Professor Robert Schoch, a Boston University geologist and specialist in rock erosion who had played a key role in validating West’s evidence, was satisfied as to the reason for this. The weathering of the Sphinx—and of the walls of its surrounding rock-hewn enclosure—had not been caused by wind-scouring at all but by thousands of years of heavy rainfall long ages before the Old Kingdom came into being.

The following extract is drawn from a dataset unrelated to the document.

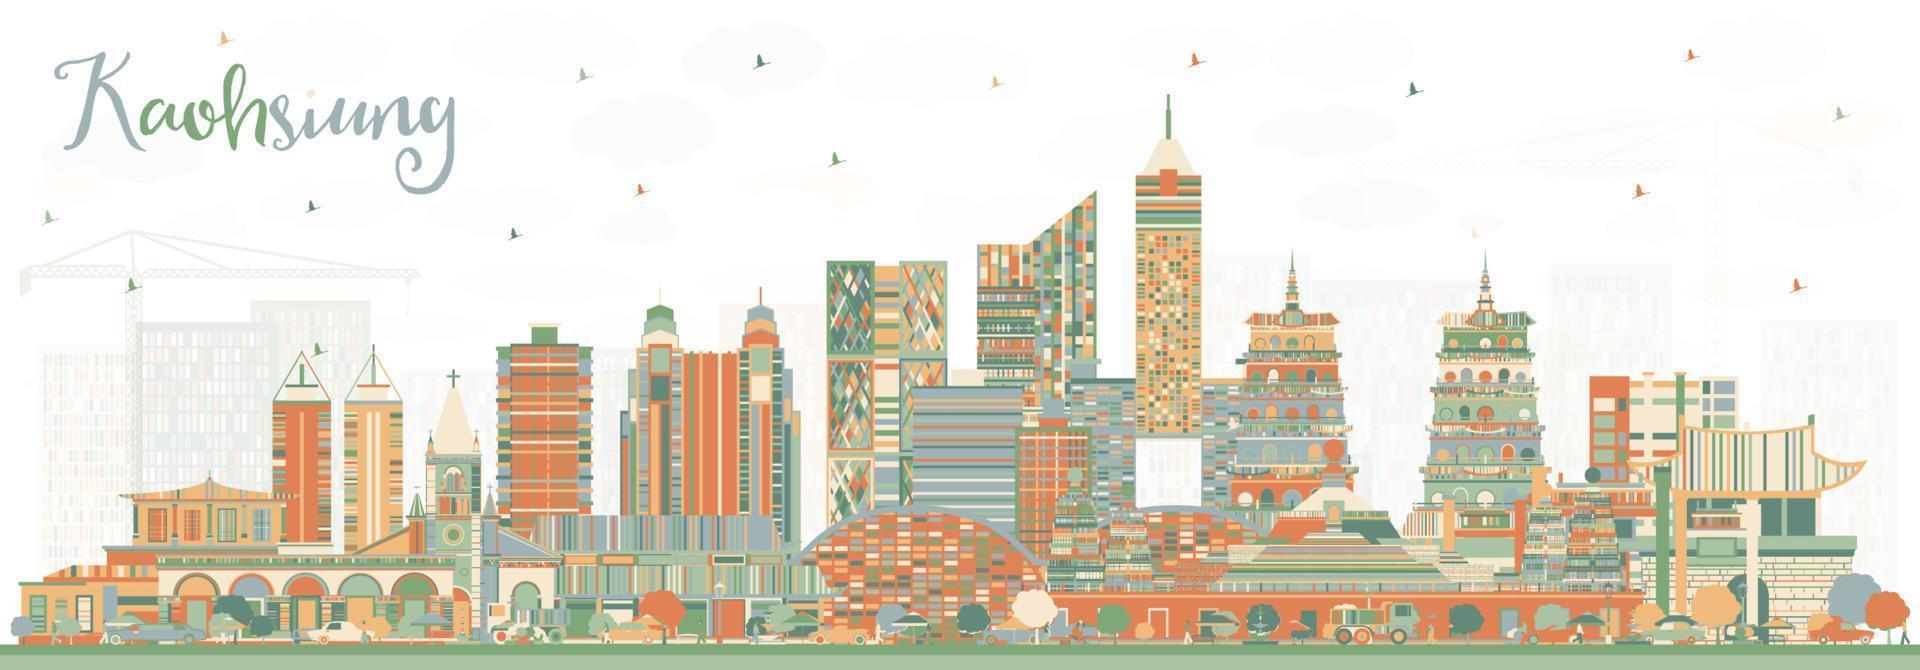 Kaohsiung Taiwan City Skyline with Color Buildings. vector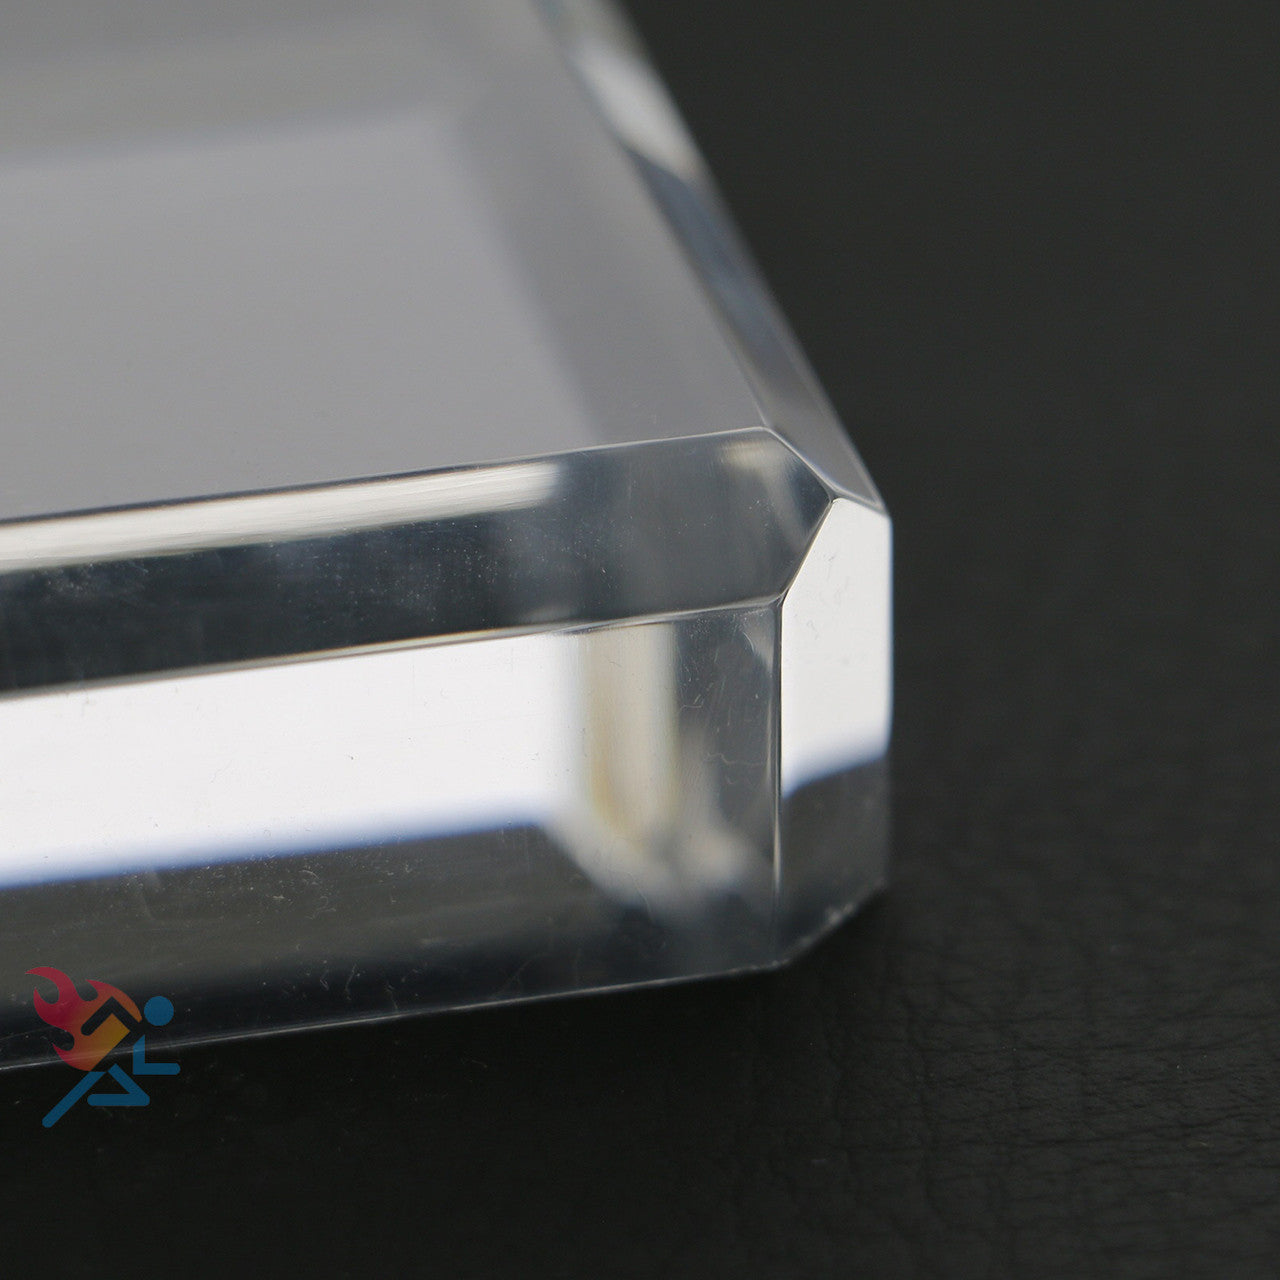 Acrylic Display Stand Block with Beveled Edge, 1" H x 3" Square

Having won over his professional peers at the 1992 Convention of the Geological Society of America,4 Schoch went on to explain his findings to a much wider and more eclectic audience (including Egyptologists) at the 1992 Annual Meeting of the American Association for the Advancement of Science (AAAS).

 

He began by pointing out to delegates that,

‘the body of the Sphinx and the walls of the Sphinx ditch are deeply weathered and eroded ... This erosion is a couple of meters thick in places, at least on the walls. It’s very deep, it’s very old in my opinion, and it gives a rolling and undulating profile ...’5

4

‘An abstract of our team’s work was submitted to the Geological Society of America, and we were invited to present our findings at a poster session of at the GSA convention in San Diego—the geological Superbowl. Geologists from all over the world thronged to our booth, much intrigued. Dozens of experts in fields relevant to our research offered help and advice. Shown the evidence, some geologists just laughed, astounded [as Schoch had been initially] that in two centuries of research, no one, geologist or Egyptologist, had noticed that the Sphinx had been weathered by water.’ Serpent in the Sky, p. 229; Mystery of the Sphinx. NBC-TV, 1993. 275 geologists endorsed Schoch’s findings.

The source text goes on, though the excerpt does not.